>>>

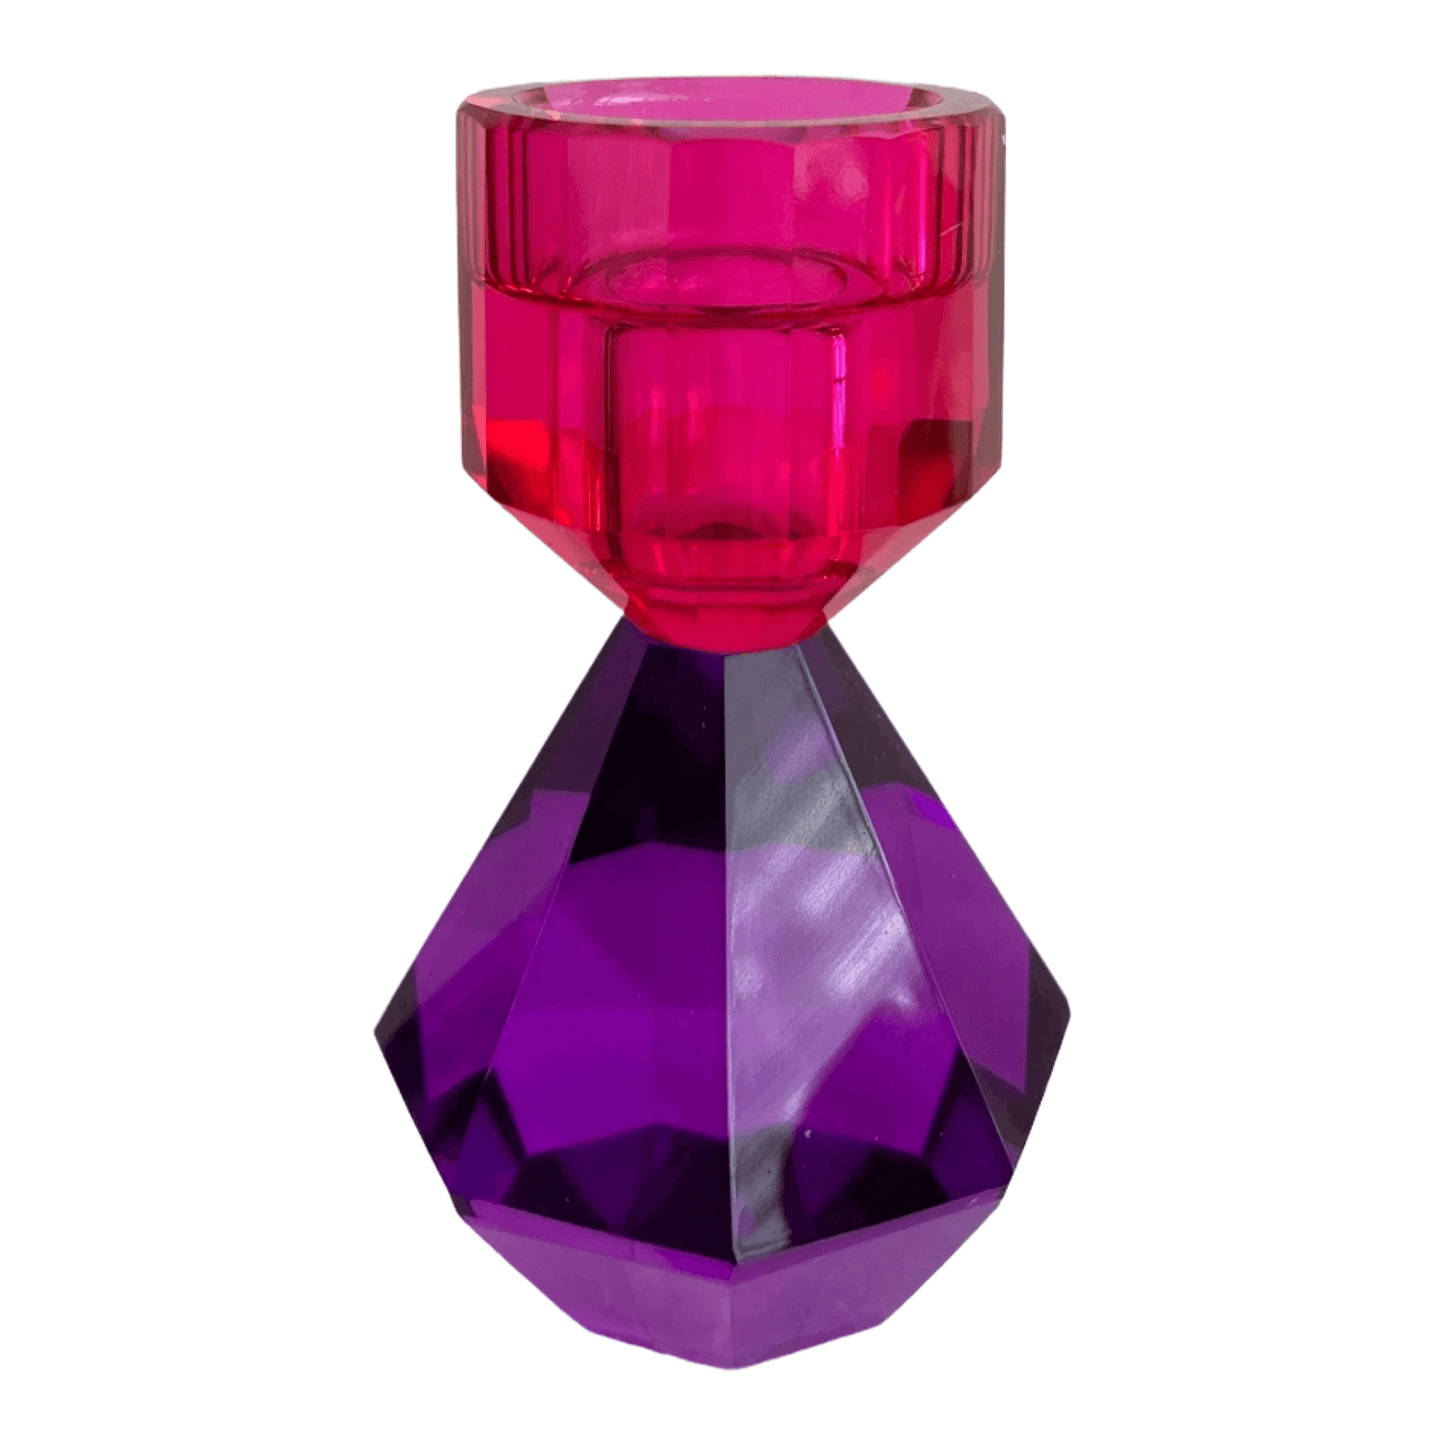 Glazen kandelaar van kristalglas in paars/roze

<<<
>>>

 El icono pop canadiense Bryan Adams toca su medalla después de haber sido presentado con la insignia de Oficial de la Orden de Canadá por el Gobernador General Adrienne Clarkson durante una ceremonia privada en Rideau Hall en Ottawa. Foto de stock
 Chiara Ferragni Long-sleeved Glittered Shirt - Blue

<<<

The problem =>
Look back at the entries above and repeat, unchanged, every line from the line holding "El icono pop" through the line holding "Chiara Ferragni Long-sleeved".

Written response =>
 El icono pop canadiense Bryan Adams toca su medalla después de haber sido presentado con la insignia de Oficial de la Orden de Canadá por el Gobernador General Adrienne Clarkson durante una ceremonia privada en Rideau Hall en Ottawa. Foto de stock
 Chiara Ferragni Long-sleeved Glittered Shirt - Blue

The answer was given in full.